1915 Ermeni-Süryani-Keldani-Arami soykırımı, Dersim katliamı, 6-7 Eylül pogromu, 27 Mayıs, 12 Mart ve 12 Eylül siyasi idamları, aralarında Hrant Dink'in de bulunduğu binlerce faili meçhul veya bırakılmış cinayet, Hayata Dönüş Operasyonu, Uğur Kaymaz, Reyhanlı, Ali İsmail... Hepsini hatırlamanın zorlaştığı ve devlet dahlinin sabit veya şüphesinin aşikâr veya çok güçlü olduğu suçlar manzumesi... 

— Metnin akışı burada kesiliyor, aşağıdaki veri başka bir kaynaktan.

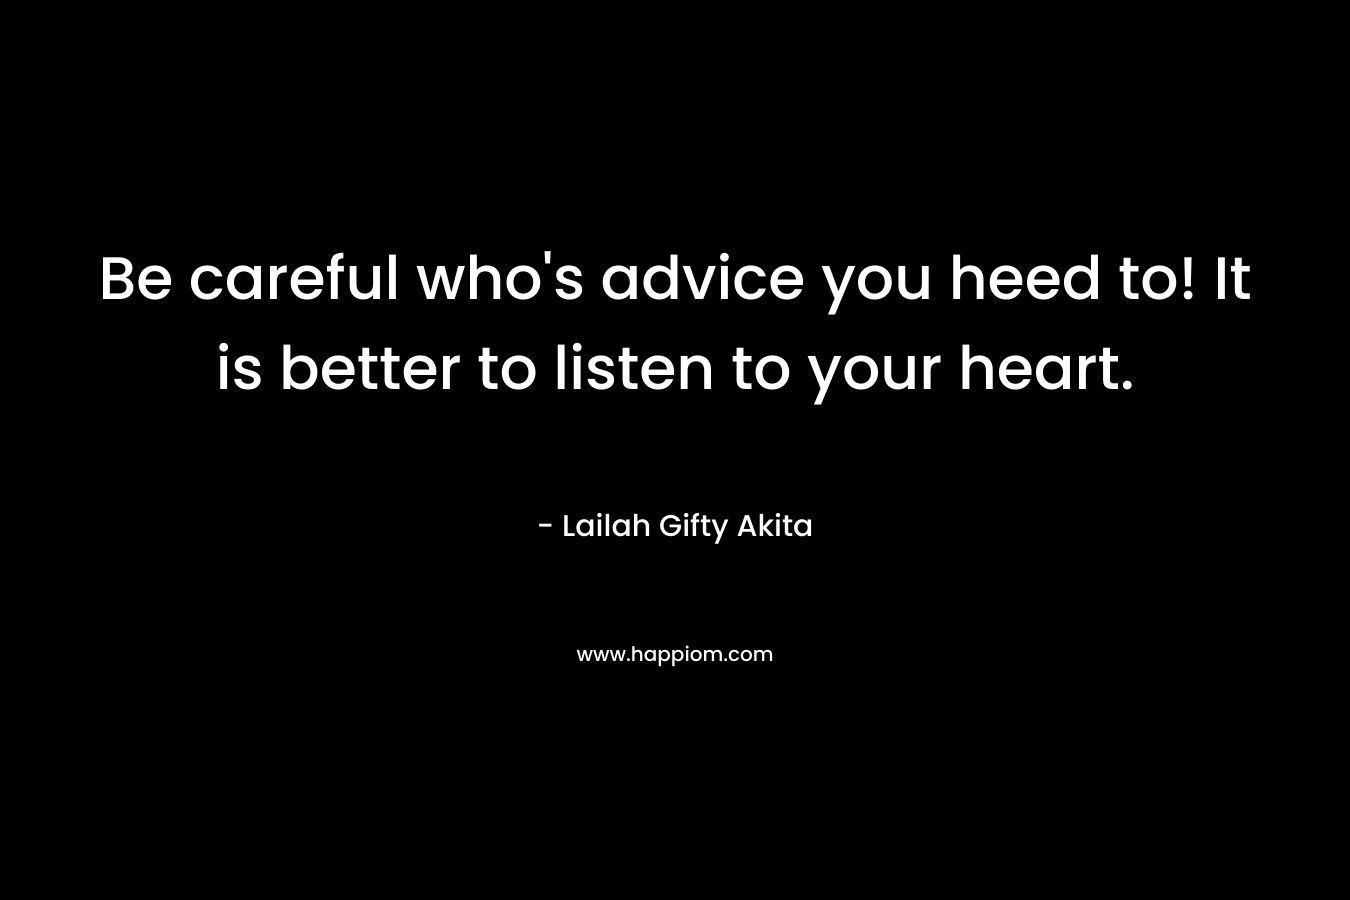 Be careful who’s advice you heed to! It is better to listen to your heart. – Lailah Gifty Akita

İttihat ve Terakki'nin soykırım mühendisliği ile Soma maden işletmeciliği ve ekonomik kalkınma anlayışımız arasında, 6-7 Eylül pogromuyla Roboski arasında, Dersim katliamı ile Berkin arasında ne bağlantı var diye sormak ister misiniz?

100 yıllık, rollerin değişmediği, muktediri oynayan kötü aktörlerin değişip durduğu bir bağlantıyı görmeyi denemek ister misiniz?

Ekmek çalmaya gelen muktedirlerin, ekmek üretenleri, ekmek almaya gidenleri katlettiği 100 yıllık bir bağlantıya bakmaya ne dersiniz?

1915, 100 yıllık bir gasp tarihinin ilk halkasıydı. Soma, aynı gasp tarihinin şimdilik son halkası. 

Türkiye'yi, bu bağlantının varlığına itiraz edenler değil, bu bağlantıyı anlamak isteyenler değiştirecek.